In this codelet, the aim is to build a simple sparse autoencoder and apply it to MNIST data. Some scaffolding is provided in codelet7.py. Your task is to complete the __init__, forward, batched_sparsity_penalty, and loss_function methods of the SparseAutoencoder class. The sparse autoencoder we are building is a simple encoder-decoder structure. The encoder should be a torch Linear layer mapping inputDims to hDims which a Sigmoid activation function is applied to. The decoder should be a torch Linear layer mapping hDims to inputDims and applying a Tanh activation function. After creating the linear layers, you should use init_weights, which takes a linear layer, to initialize the weights. We are using Xavier Initialization, which helps our model converge faster and more consistently. A brief overview of this initialization strategy, if you are curious, can be found here.

The sparseness of the sparse autoencoder is enforced by the use of regularization, discussed in class. In batched_sparsity_penalty, you should calculate the following penalty (which uses KL divergence):

\[\begin{equation} \sum_{j=0}^{|h|} \rho \textrm{log} \frac{\rho}{\hat{\rho_j}} + (1 - \rho) \textrm{log} \frac{1 - \rho}{1 - \hat{\rho_j}} \end{equation}\]

where \(\rho\) is \(0.05\), \(j\) ranges over the number of hidden nodes, and \(\hat{\rho_j}\) is the average activation of hidden node \(j\) for input. That is, we want the average activation of a node to approach \(0.05\) (i.e., it should selectively “fire” for a subset of the input). Note that we have two edge cases that pose a problem for this penalty, when \(\hat{\rho_j}\) is \(0\) and when it is \(1\) (because log is not defined for \(0\)). To avoid this, you should use torch.clamp to clamp the values between \(1e^{-8}\) and \(1 - 1e^{-8}\).

For example, given the following hidden representations of 5 inputs (where the hidden representation has 3 nodes), we should get an output of 1.1490.

\[\begin{equation} \begin{pmatrix} 0.3 & 0. & 0.1 \\ 0.2 & 0. & 0.2 \\ 0.5 & 0. & 0.1 \\ 0.5 & 0. & 0.3 \\ 0.5 & 0. & 0.3 \\ \end{pmatrix} \end{equation}\]

Finally, the loss should combine mean squared error and the sparsity penalty, in loss_function. In particular you should add to the MSE between the true and predicted pixel values to the sparsity penalty, weighted by \(1e^{-4}\).

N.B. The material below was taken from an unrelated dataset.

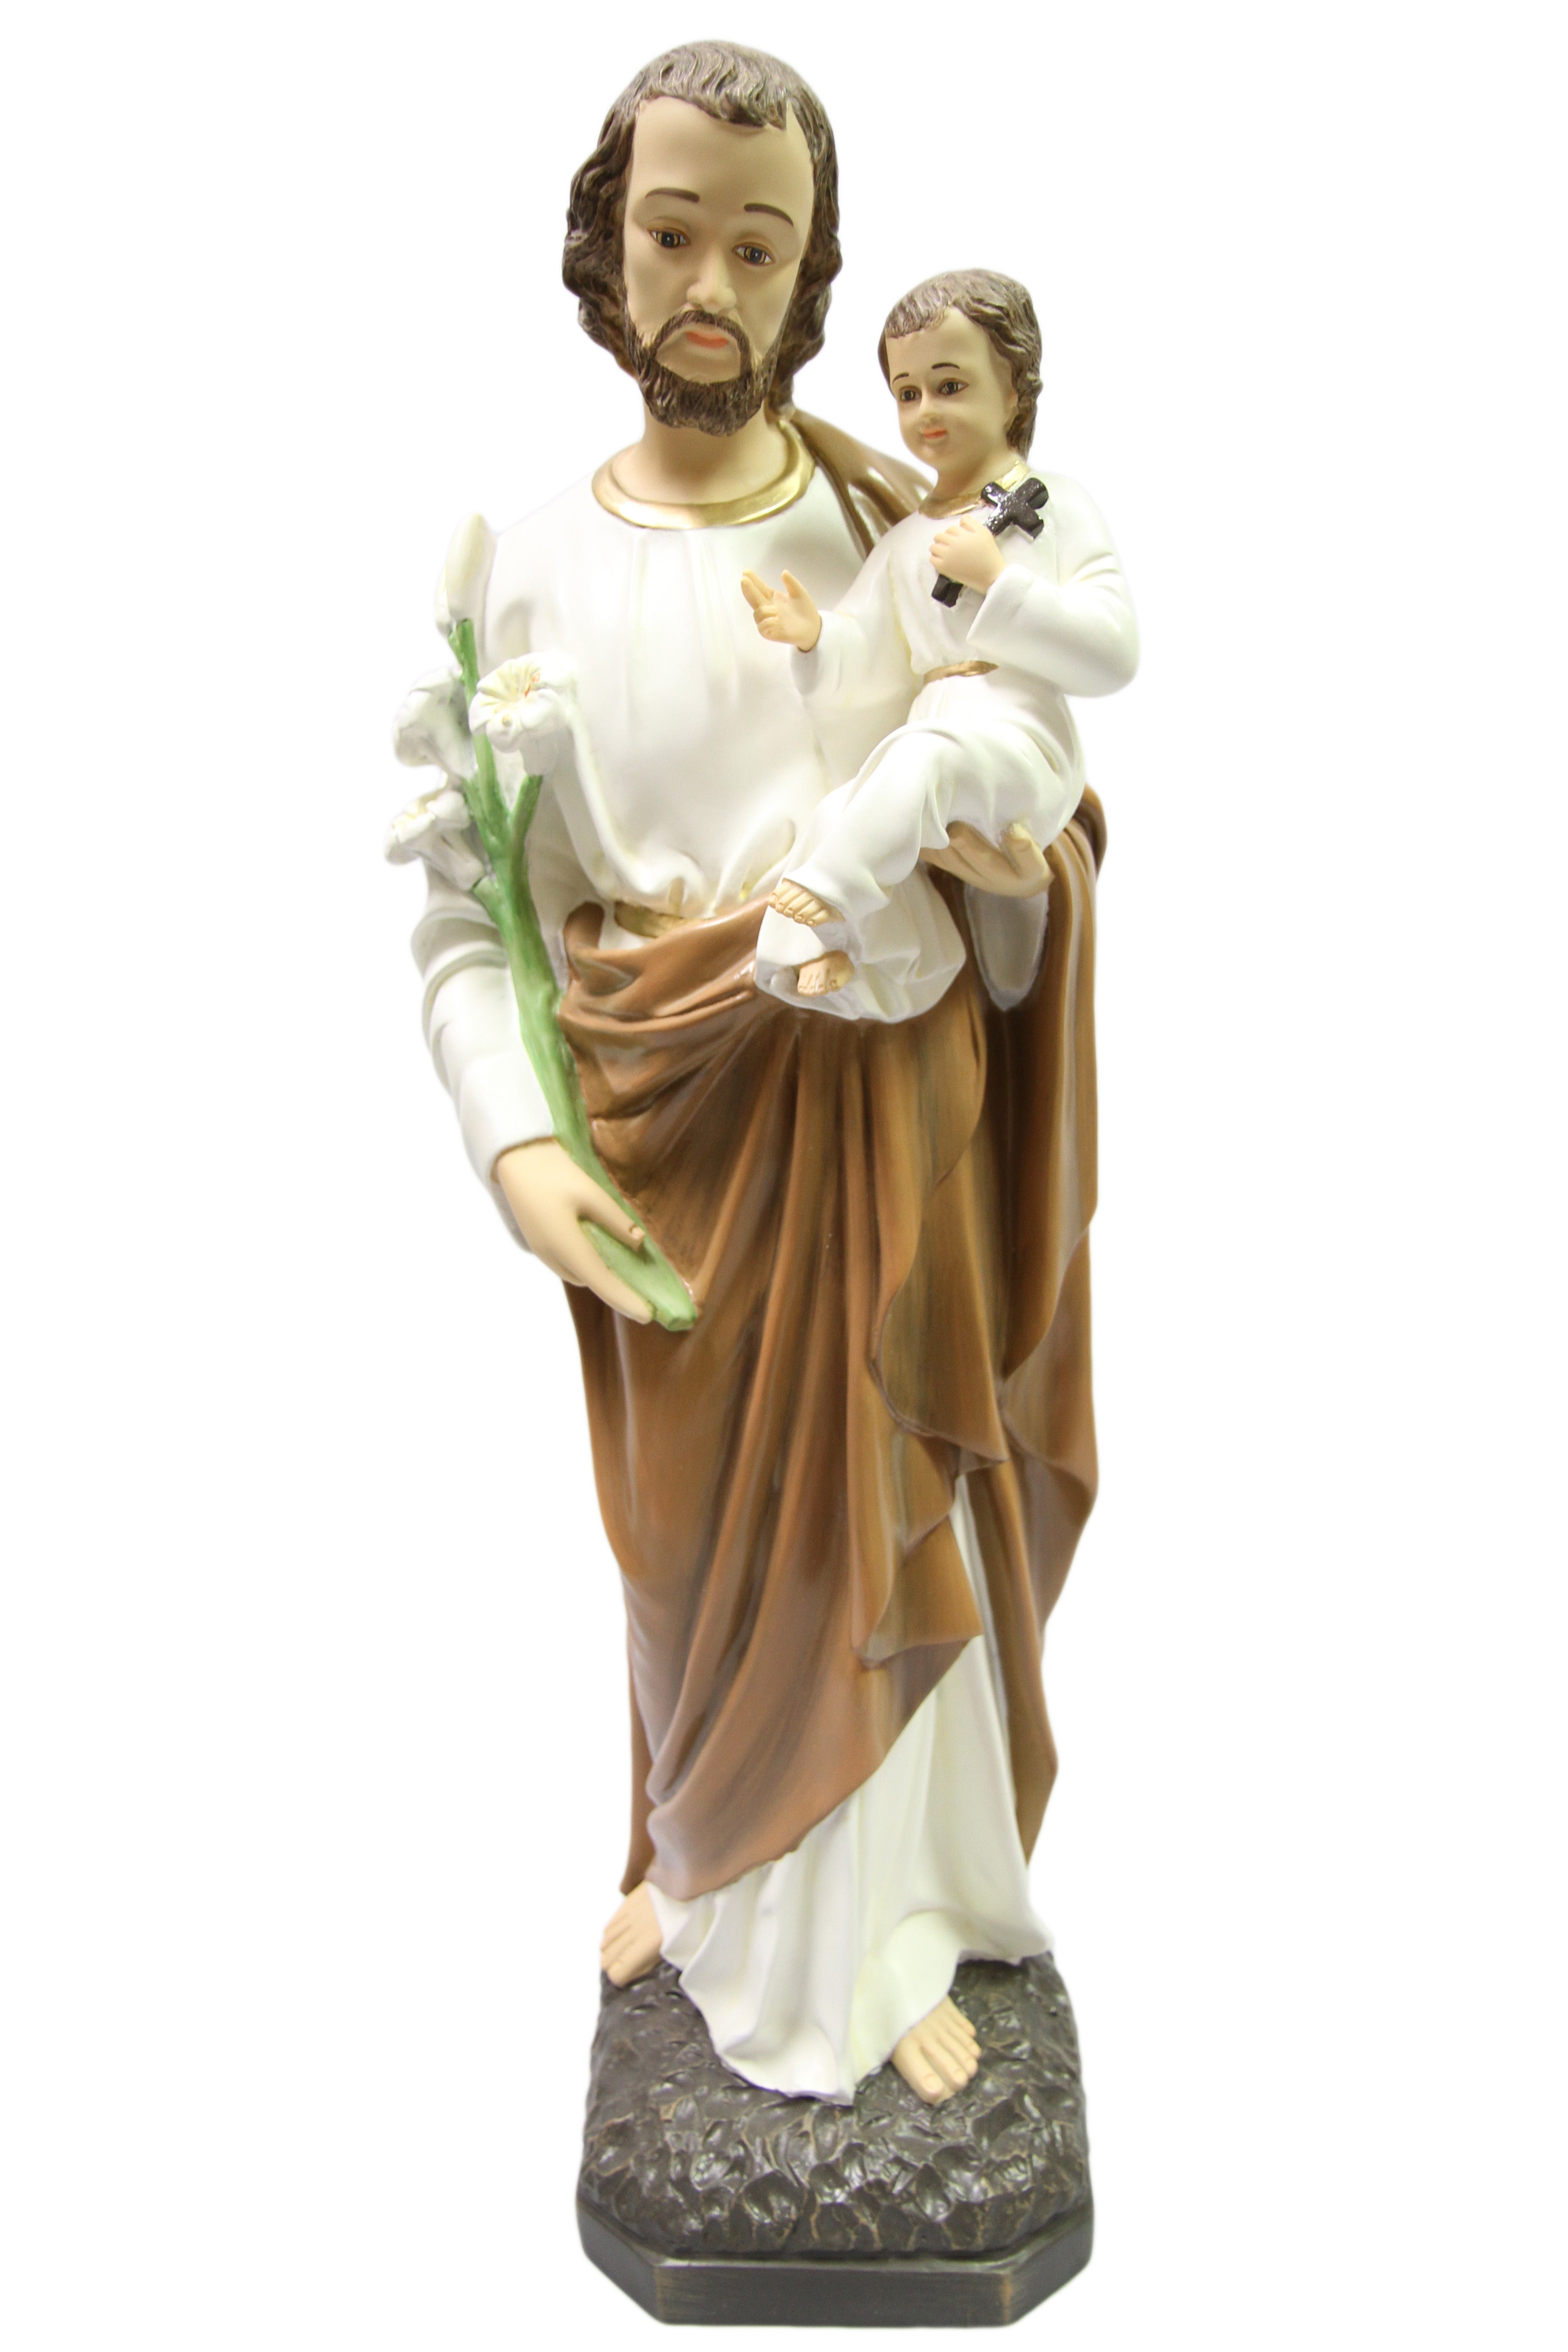 32 Inch Saint Joseph with Baby Jesus Catholic Statue Sculpture Religious Figurine

You evidence completion of this task with successfully training a model.

Visualizations

You should write code to generate two visualizations. One plots 16 rows of input images and their reconstructed output using your model. Another visualizes the relationship between a given hidden node and input. In particular, you should write code that will plot the 100 input images that have the highest hidden activation for a given node. Each row of your plot should have 10 images. Examples of both plots for a model prior to training with 10 hidden units is provided in figures.

You evidence completion of this task with successfully training a model.

Training

Finally, you should train a model for 20 epochs using the Adam optimizer with a learning rate of 0.0001. Your model should have 10 hidden dimensions. For comparison purposes, below is my initial and final loss after 20 epochs.

Epoch:  1/20 - Train Loss: 0.8029
Epoch: 20/20 - Train Loss: 0.5329

To evidence completion of this task, you should add to the pdf accompanying your code your initial and final loss values and the two visualization figures for your trained model. Additionally, you should look at a few nodes and comment on, at a high level, what you think is being learned as the features in the hidden representation.